Tuesday 5 May 2020

Mark Di Stefano - Mail Own Goal

One eyebrow-raising aspect of Mark Di Stefano’s departure last week from his berth at the Financial Times was the number of left-leaning and/or new media names who responded to his Tweet announcing his departure with good wishes, and no apparent thought for the inconvenient fact that he had been caught, effectively, with his hand in the till. It was not missed by those at the Daily Mail. They had been presented with an open goal.
So it was that Richard Pendlebury - another name seen only on the by-lines of the crudest hatchet jobs - told readers about the “Hypocrisy of media luvvies and FT reporter who turned his paper pink with shame”. The iron law of press Omertà and the commandment “Dog doesn’t eat dog” may be suspended when it’s a combination of the FT (not regulated by non-regulator IPSO), the hated BBC, and a sundry convocation of Rotten Lefties™.

Here, he laid into Newsnight host Emily Maitlis, Owen Jones, Ash Sarkar of Novara Media, Paul Lewis, Pippa Crerar (yes, the same one who edited the Evening Standard when it promoted the Mayoral campaign of Alexander Boris de Pfeffel Johnson) and Ben McOwen Wilson of YouTube. At this point, Pendlebury was batting on a reasonably steady track. But then it all went wrong. And it went wrong because of his, and his paper’s, actions.
So eager was he to lay into as many new media names as possible that he included Peter Jukes of Byline Media. But Jukes’ sympathy for Di Stefano evaporated when he realised what else the now former FT man had been up to. Moreover, Jukes’ retraction is threaded directly under his first Tweet. So Pendlebury was being wilfully selective.
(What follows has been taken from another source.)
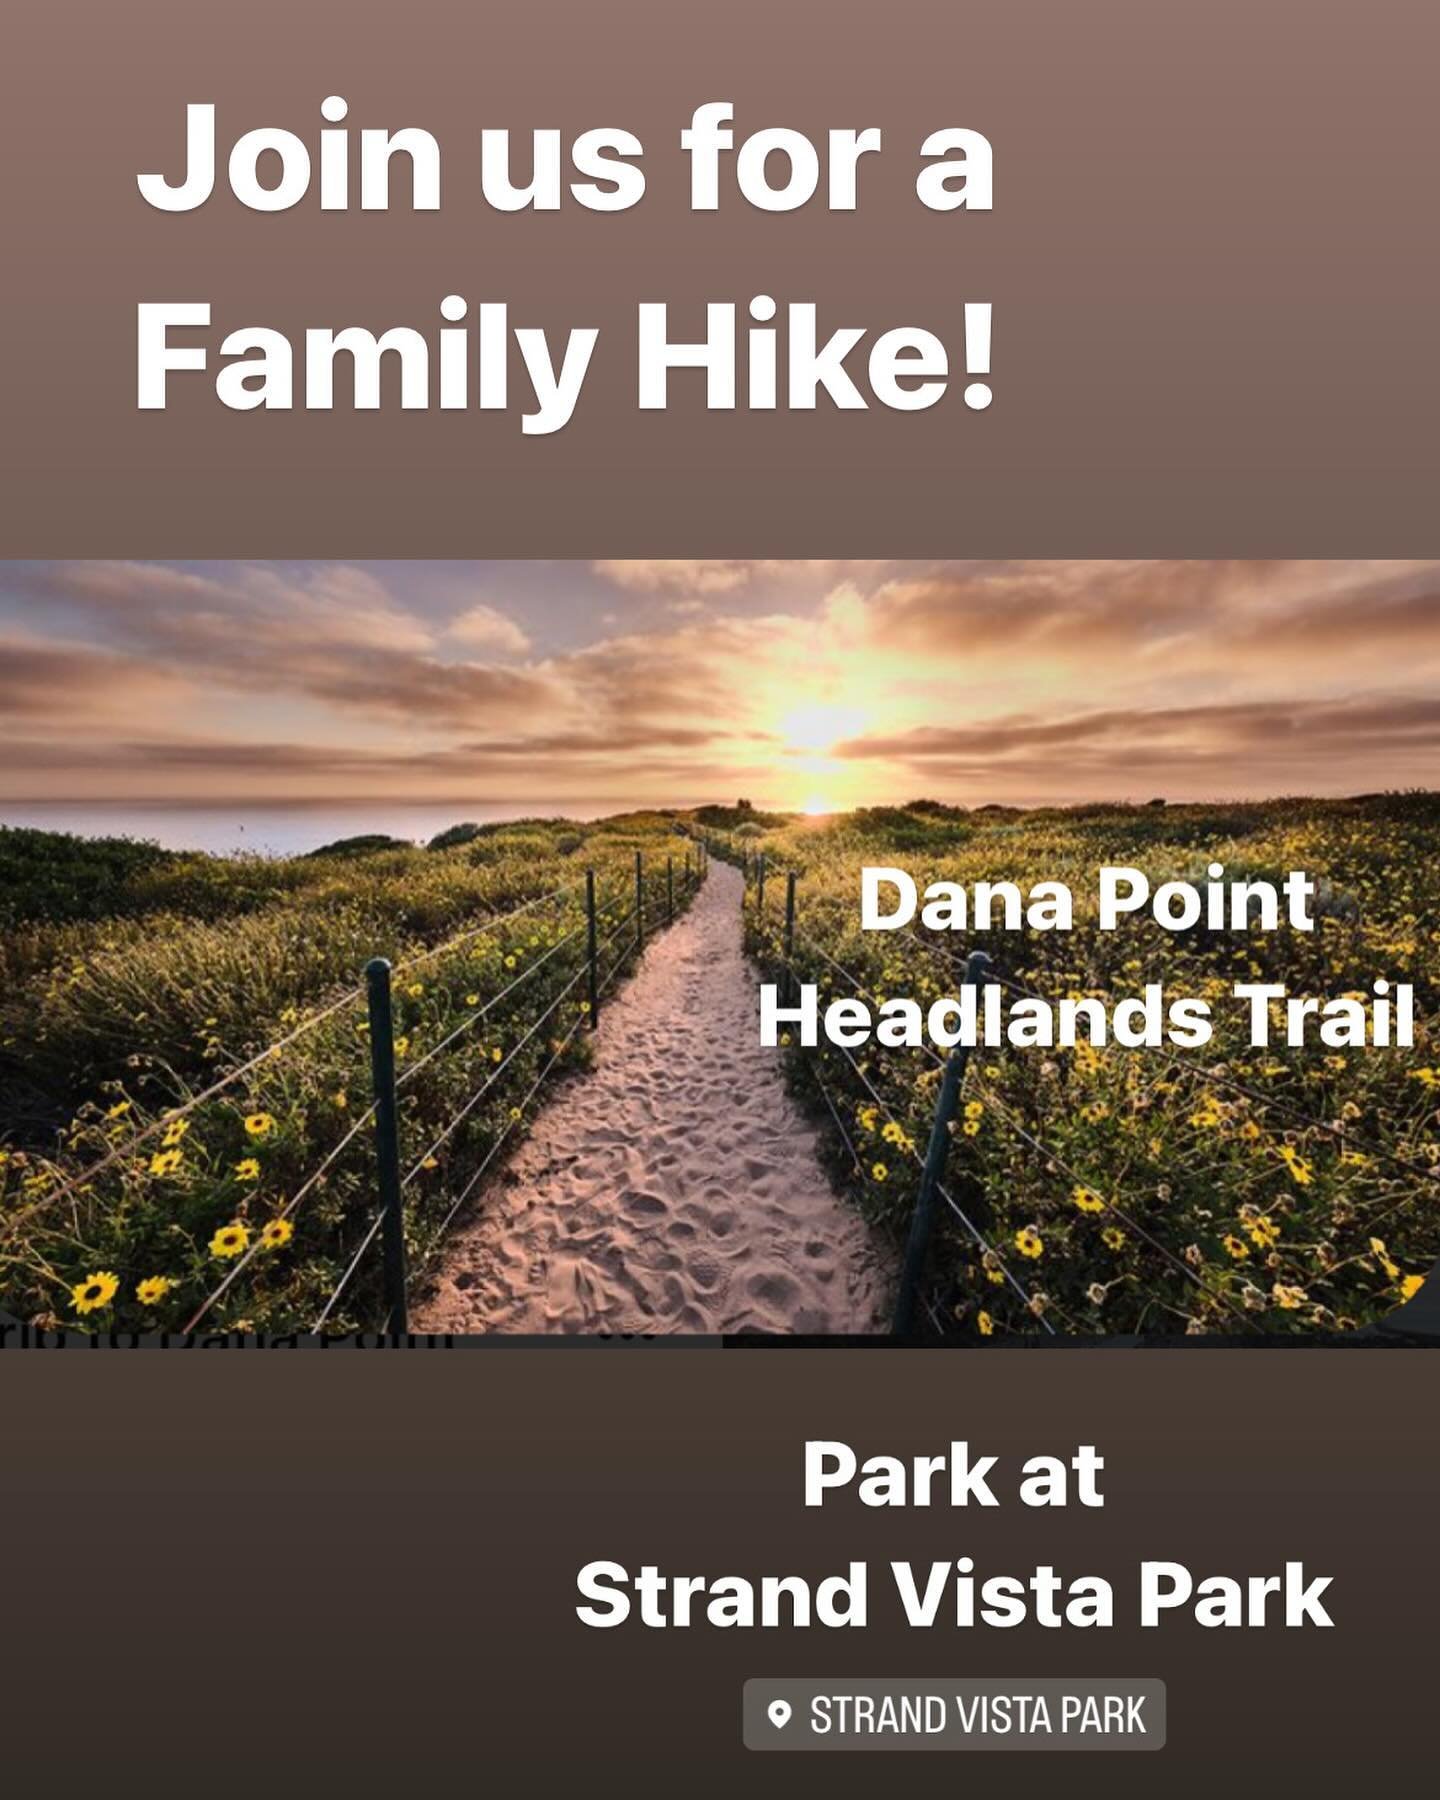 Tomorrow at 9 AM! Family Hike through the Dana Point Headlands Trail. Park at Strand Vista Park. 

#theconnectionoc #loveserveconnect

Having shown that he was picking and choosing his targets, any cursory analysis of Di Stefano’s Tweet replies shows several Old Media names, including freelances and even someone from the Express. Then Guy Adams, another Mail smear merchant, decided to use Pendlebury’s article to go after campaign group Hacked Off.
Former Hacked Off joint director Evan Harris responded to Adams, who whined “Evan, if a popular newspaper had done this, you'd have been on about it non stop for the last week”. Harris pointed out to him “Let's consider the *facts* (look it up), shall we, Guy? FT: One reporter. 2 instances. Victims - newspapers. Discovered. Culprit gone. Tabloid hacking scandal: Dozens of executives. 1000s of cases. Victims - inc families of dead children. Covered up for years. Culprits promoted”. Meanwhile, a dead giveaway emerged.

Why had Guy Adams not just posted a link to Pendlebury’s story? Instead, he used screen shots of the print edition. Ah well. That was the problem. The Daily Mail had such faith in the article that it was not put online. The Pressreader site has the text and photos, but they have had to get this from the Scottish edition of the paper.
The original driver for Pendlebury’s story - and it is something that concerns me, too - was that several people had expressed sympathy for Di Stefano, despite his having committed a potentially criminal act. Moreover, it exposed the extent to which some of those named have become captured by the press establishment. But as soon as he went after Jukes, just so he could have a swipe at Byline’s funders, the whole thing unravelled.

A witless hack was presented with an open goal. Instead, he and his paper conspired to about turn and end up putting in their own net. New technology baffles tired old hacks.